Where did this come from? How is this relevant? There are no database nodes in your screenshot. Did you just mean tables? What are the two tables and what’s stopping you from processing the data the same way for both?

Can you give more details about the problem you’re trying to solve?

rogerius1st · May 7, 2022, 1:51pm

Sorry, @elsamuel, for not posting the full workflow.

On the first database, I didn’t get the expected results; my results were: the diacritics remained on those two columns “Município” (which means 'city") and “Critério” (which means “diagnosis criteria”), even after the usage of the function “removeDiacritics(name_of_column)” on the listed nodes…

The data on the second database are protected under a confidence term. It includes several data collected by means of a survey with professionals of a specific industry. But I have no problems with these data, as soon as the nodes worked out pretty fine with them. My issue is with the first database.

iCFO · May 7, 2022, 2:16pm

Are you trying to process this second database “in database”, or are you reading it into the workflow and processing it the same as the other table?

elsamuel · May 7, 2022, 2:43pm

I downloaded the csv file and I can successfully remove diacritics from those columns using the removeDiacritic function in the the Column Expressions, String Manipulation, and String Manipulation (Multicolumn) nodes.

Here’s the Column Expressions example:

What happens when you click on Evaluate in the Column Expressions node configuration window?

Actually, taking a step further back, you haven’t shown us what the data in your workflow looks like.
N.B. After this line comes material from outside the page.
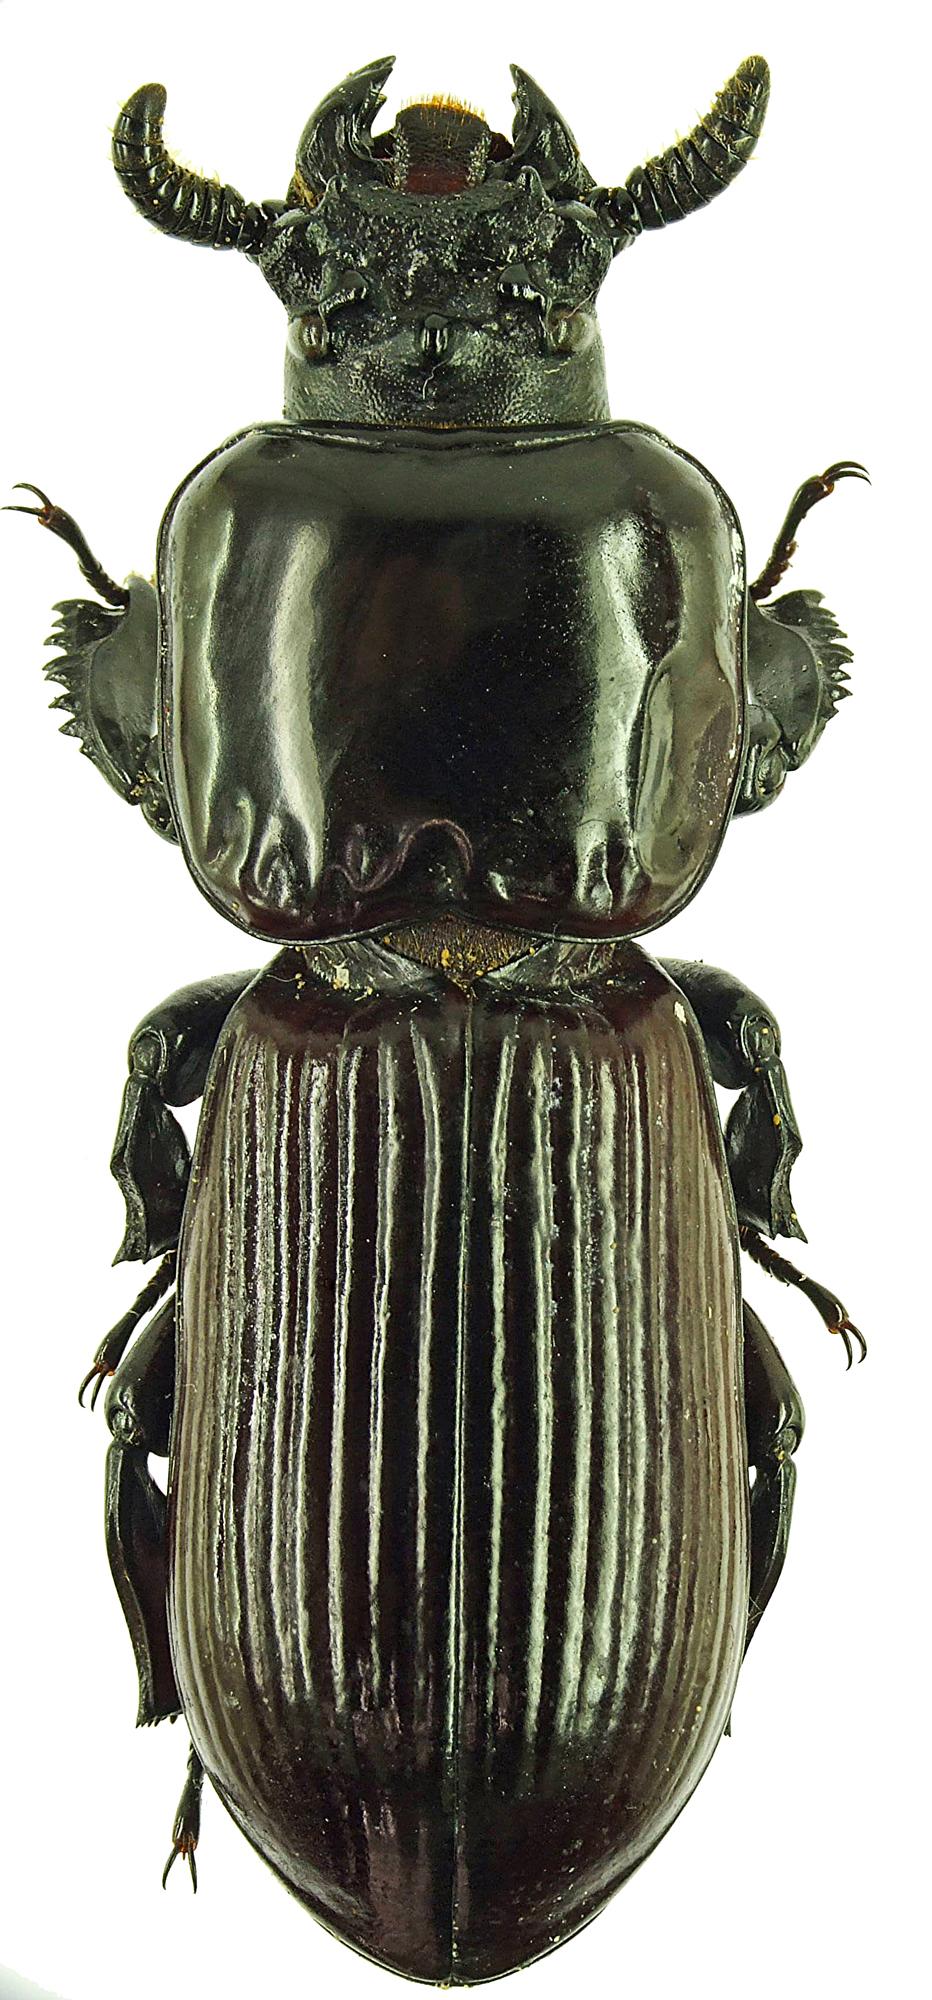 Prioproctus oertzeni 23791cz93.jpg

What is the output of your CSV Reader node?

bruno29a · May 7, 2022, 3:01pm

Hi @rogerius1st , the removeDiacritic() function should remove the accents that you mentioned, and as @elsamuel demonstrated, it works.

How do you figure it’s not working? Can you show us the results of your Column Expressions?

rogerius1st · May 8, 2022, 12:51am

Hi, @elsamuel and @bruno29a (and sorry for the delay on my reply…).
Thanks for all your answers,
By the way, I’m working on Knime 4.5.2.

I downloaded again the CSV file, browsed once more the csv reader node, configured this node to work only with my 9 selected columns, kept them all as strings, and the data look like follows:

Or, in greater detail,

And here is the Ourput Table:

Here is the image of node configuration (Column Expressions):

As far as I can see, I have done as well as you had shown me, but I’m afraid I’m still making the same mistakes (what you did right, I did wrong)… And I got no idea of where is my error.

Can you find my mistake? As I did it, it ended as it began…

Thank you again…

badger101 · May 8, 2022, 12:57am

Hi @rogerius1st , on the CSV Reader Node, double click on it. Look for the Encoding tab, then try select any alternative encoding than the one you’ve got, preferably UTF-8.

Then Apply>OK>Re-execute the whole thing.

bruno29a · May 8, 2022, 3:16am

Hi @rogerius1st , the “accents” that you are seeing are not real accents. It’s basically an issue with character encoding, and it’s simply displaying like this because it does not know how to properly display the character. So, removeDiacritic() will not really apply on these as they’re not accented characters.

Try to set your character encoding to UTF-8 as @badger101 suggested - check the Advanced settings tab.

elsamuel · May 8, 2022, 6:40am

@rogerius1st, this is why I asked to take a step back and see the data in your workflow. My suspicion was that you hadn’t selected the proper character encoding. The workflow in my previous reply uses UTF-8, as @badger101 has suggested.

rogerius1st · May 9, 2022, 7:24pm

Dear @badger101, @bruno29a and @elsamuel ,
I followed your suggestion (to change the encoding type to UTF-8), and it worked out pretty fine. Thank you so much. I haven’t understood it yet why id didn’t work for me, but now it’s O.K.

badger101 · May 9, 2022, 8:33pm

You’re welcome @rogerius1st , I recognize the issue straight away once you’ve uploaded the Output Table.

Whenever you work with textual data downloaded from Excel/PDF files from third party websites, it’s generally best practice to first change the encoding type to UTF-8 before running the workflow.

system · August 7, 2022, 8:34pm

This topic was automatically closed 90 days after the last reply. New replies are no longer allowed.